How to emit events into kafka

1,535 views
Skip to first unread message

nara....@gmail.com

unread,
Jun 5, 2013, 2:58:21 AM6/5/13
to druid-de...@googlegroups.com
Hi,

I am new to druid and kafka. I dont know how to emit data or events to kafka. My requirement is to add log data to druid. The data will be in log files(txt or json file) and i want to use realtime node for this. Pls let me know if anyone has tried with realtime ingestion and also the procedure to emit data into kafka.


Thanks,
Sailaja

Eric Tschetter

unread,
Jun 5, 2013, 1:58:02 PM6/5/13
to druid-de...@googlegroups.com
Kafka has pretty decent documentation at


You can start with the 0.7 quick start.  A producer is what you want in order to put data into kafka.


You can look at some of the ecosystem projects for how they emit events into Kafka as well if your language of choice is not Java:


--Eric



--
You received this message because you are subscribed to the Google Groups "Druid Development" group.
To unsubscribe from this group and stop receiving emails from it, send an email to druid-developm...@googlegroups.com.
To post to this group, send email to druid-de...@googlegroups.com.
To view this discussion on the web visit https://groups.google.com/d/msgid/druid-development/b7a74205-dd94-49c1-b333-4b092861e9ff%40googlegroups.com?hl=en.
For more options, visit https://groups.google.com/groups/opt_out.
 
 

Fangjin Yang

unread,
Jun 5, 2013, 2:00:13 PM6/5/13
to druid-de...@googlegroups.com
You may also want to consider your own firehose:

The code has a few examples of how different firehoses are implemented.


Fangjin Yang

unread,
Jun 6, 2013, 12:39:51 PM6/6/13
to druid-de...@googlegroups.com
Hi Sailaja,

Thinking about your problem more.
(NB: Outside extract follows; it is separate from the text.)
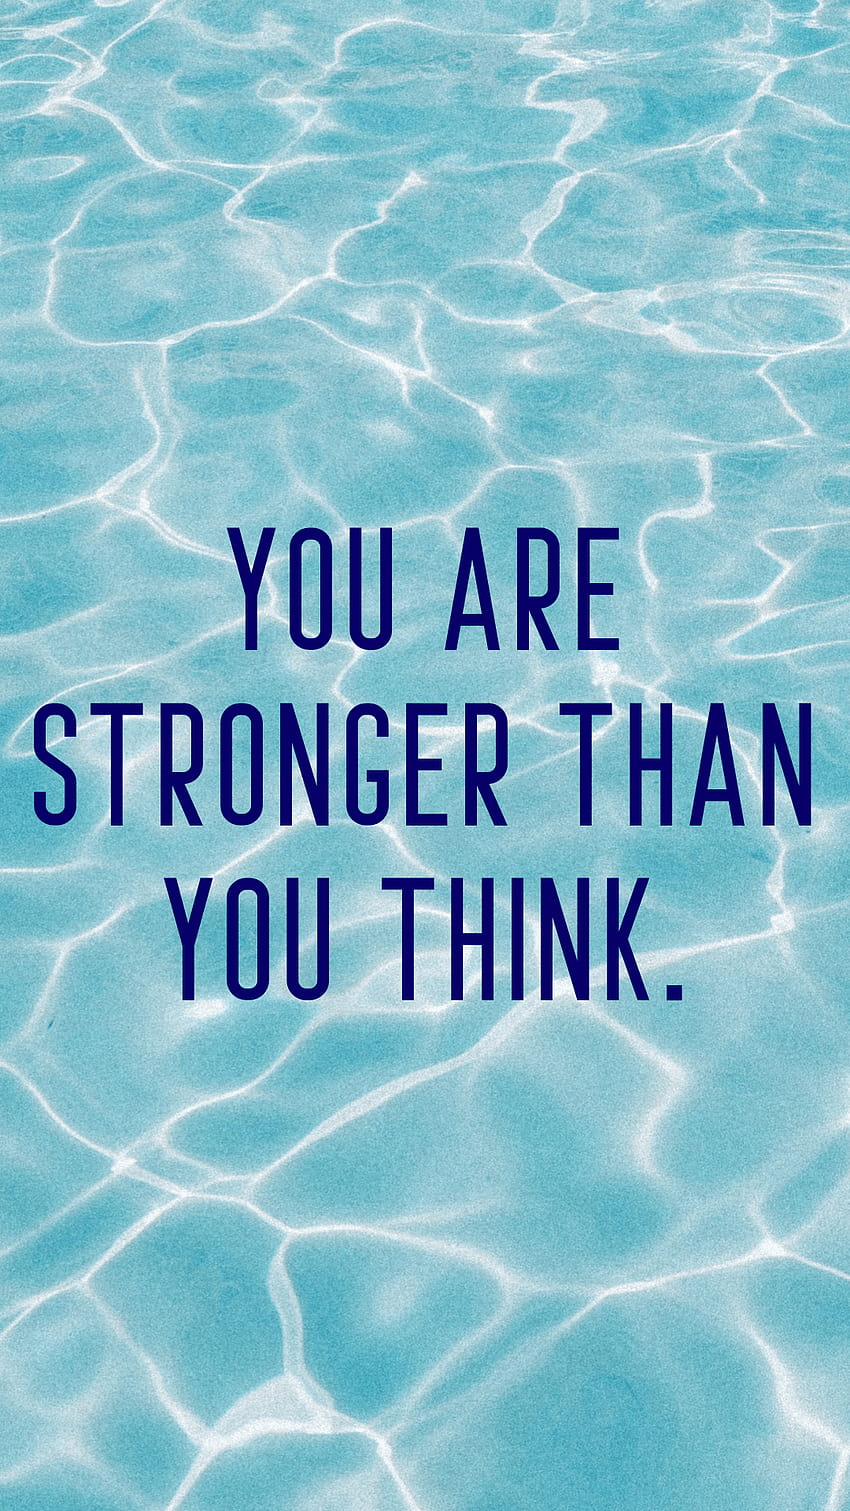 Inspirational and Motivational Quotes + Phone Backgrounds, swimming quotes HD phone wallpaper

I think there are a few steps you have to take:
1) Convert your raw log data to JSON. Make sure the format is similar to the examples provided earlier. 
2) If you want to use an intermediate message bus, look into Kafka. If data durability is not important to you right now, you can also look at the EventReceiverFirehoseFactory. This is not fully documented yet but it is a firehose that you can post HTTP events to directly.

Thx,
FJ 

nara....@gmail.com

unread,
Jun 10, 2013, 7:00:04 AM6/10/13
to druid-de...@googlegroups.com
Hi Eric,

Thanks for the reply.I am having some issues with realtime nodes. pls let me know if my understanding is correct or not.pls find below the procedure i have followed for realtime insertion.pls let me know whether its correct or not.

1)Downloaded kafka 0.7.2 version.
2)downloaded druid master(0.4.29)  from github and did a maven install and generated jar files.
3)started zookeeper and kafka servers from kafka folder
bin/zookeeper-server-start.sh config/zookeeper.properties
bin/kafka-server-start.sh config/server.properties.
4)Started master and realtime nodes using the commands attached.
5)started kafka producer using bin/kafka-console-producer.sh --zookeeper localhost:2181 --sync --topic test. SO my kafka topic is test.I gave json messages from the producer console to kafka topic.(realtime node is started before this).
6) I am able to see folders in tmp/kafka-logs folder.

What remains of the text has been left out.